В ту эпоху ни один их моих современников не отверг бы предзнаменование. Нынешнее время плохо понимает нашу веру в пророчества; обращаясь за советом к ясновидящим, гадалкам на картах, медиумам или астрологам, люди нередко испытывают такое чувство, будто грешат против здравого смысла, стыдливо скрывают свое прегрешение и тайком делятся адресами. Иррациональное отмечено печатью позора. Мы же думали иначе: не иррациональное, а, напротив, рассудок побуждал нас верить предсказаниям.
Во-первых, мы полагали, что все – прошлое, настоящее и будущее – предопределено. Точно так же, как мы рождаемся и умираем согласно таинственной неизбежности, так и наши поступки подчиняются ей. Пассивные, мы, как марионетки, влачили свое существование, хотя нам казалось, что решения принимаем мы. Наши суждения зависели от иллюзии. Вместо того чтобы выбирать, мы подчинялись сокровенной и непостижимой сущности, которая решала за нас. Свобода сводилась к бутафорскому подкрашиванию неотвратимости. Поскольку миром правит судьба, то отчего бы некоторым наделенным определенными способностями индивидуумам не разгадать начертанное судьбой? Вступив в заговор с богами, прорицатели прежде нас получали сведения, которые впоследствии оказывали воздействие на нашу плоть, поступки, мысли и слова. Они обладали блаженной рассинхронизацией. Ясновидящие ничего не выдумывали – они видели.
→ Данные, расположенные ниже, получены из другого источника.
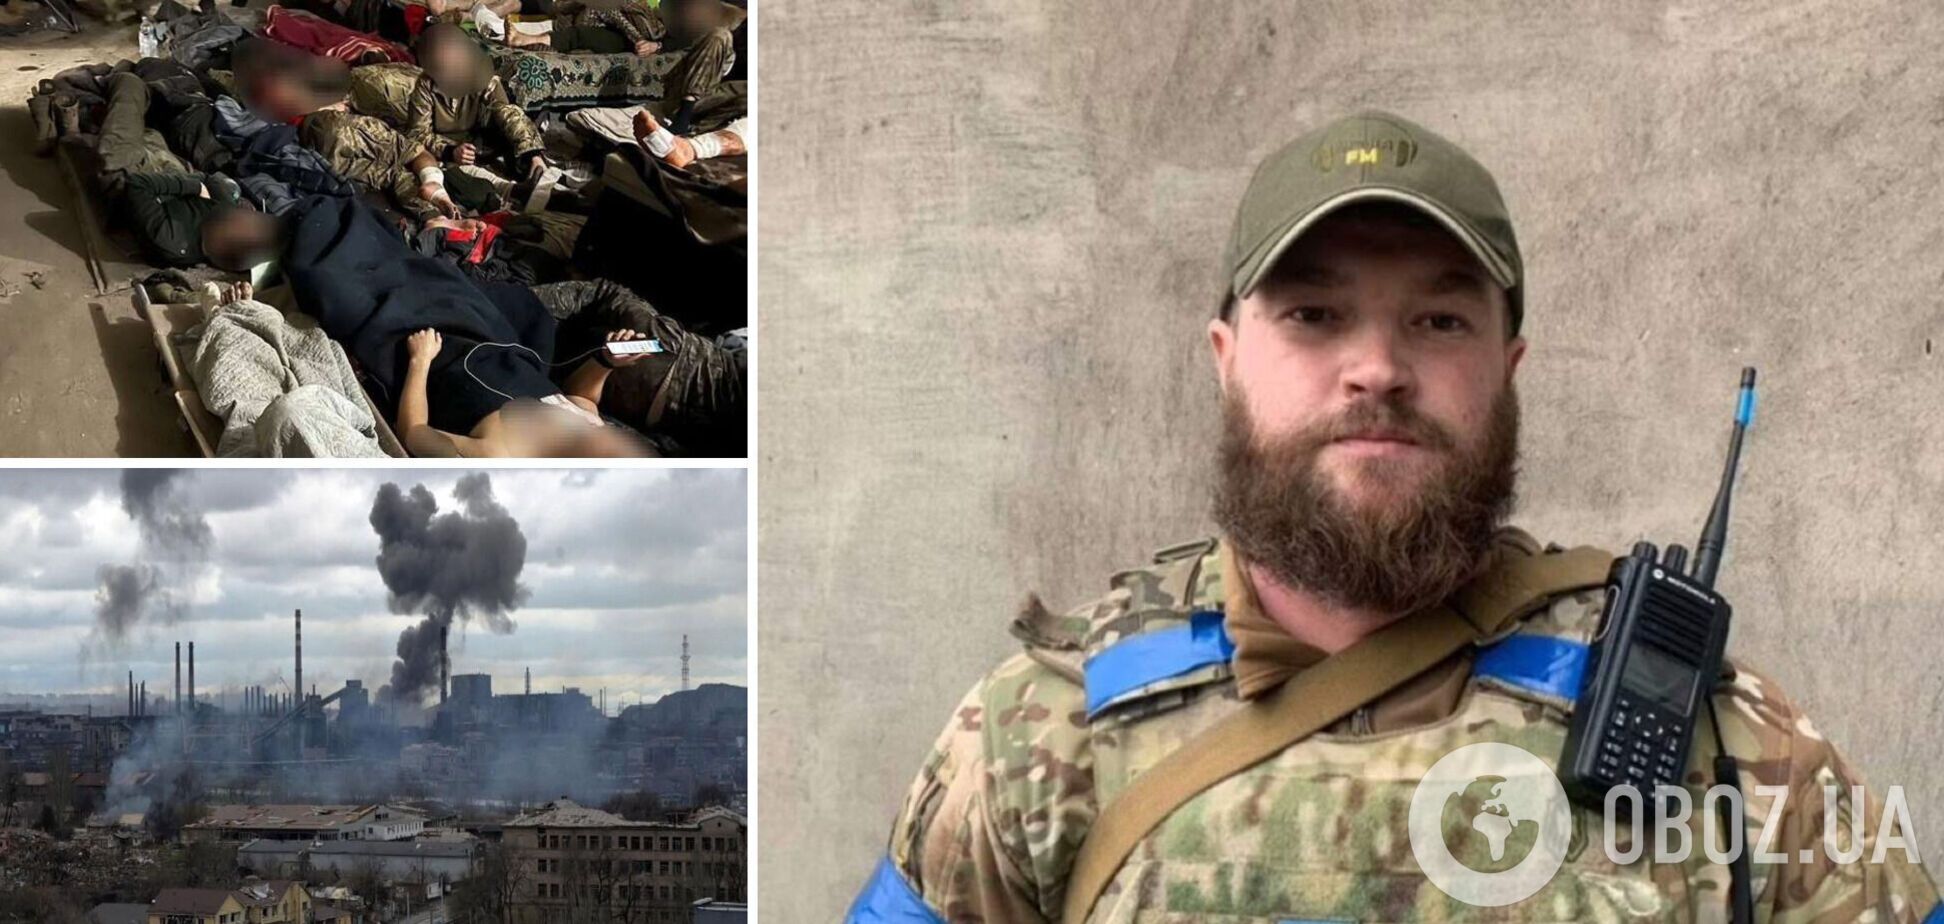 'Поранені вмирають у страшних муках': замкомандира полку 'Азов' закликав урятувати людей. Відео

Наше представление о времени также побуждало нас соглашаться с оракулами: мы рассматривали время как круг, который вращается, принося извечное обновление[39]. События были похожи одно на другое. Предвидеть означало вспомнить, и наоборот. Втянутые в механизм этого круга, мы все из нашего настоящего имели возможность увидеть прошлое и будущее, однако авгуры обладали лучшим зрением, чем простые смертные.
Главное, мы придавали словам фундаментальный смысл: творческую силу. Они обозначали сущее и создавали еще не существующее. Они или описывали действительность, или порождали ее. Разве стали бы люди, жившие на берегах Нила, так часто прибегать к благословениям и молитвам, если бы не верили в могущество слов? Всякий день при расставании они произносили пожелания долгой жизни, крепкого здоровья и счастья потомству – заклинания, которые не только обещали, но и делали добро. А потому проклятия наводили на них ужас. Действенная сила слова влекла за собой как худшее, так и лучшее; подвергшись проклятию, люди, находящиеся в опасности, тотчас спешили к колдунам и жрецам, чтобы отвести злую участь соответствующими заклинаниями.
«В Мемфисе ты соединишься с той, которую полюбишь… Не с той, которую любишь. С другой женщиной».
Это мое уже намеченное будущее открыла мне чудесная девочка. Я тем более охотно положился на ее дар, что она имела характерный признак прорицателей: слабость. Боги никогда не доверялись сильным, удачливым или торжествующим; непобедимым они предпочитали побежденных, детей, слепцов, калек, недужных девственниц или увечных стариков. Если бы слова девчушки передал мне какой-нибудь военачальник фараона, я воспринял бы их как приказ, а не как послание и ни в коем случае не прислушался бы к ним. Хрупкость была выбором богов, трещинкой, отметиной избранных.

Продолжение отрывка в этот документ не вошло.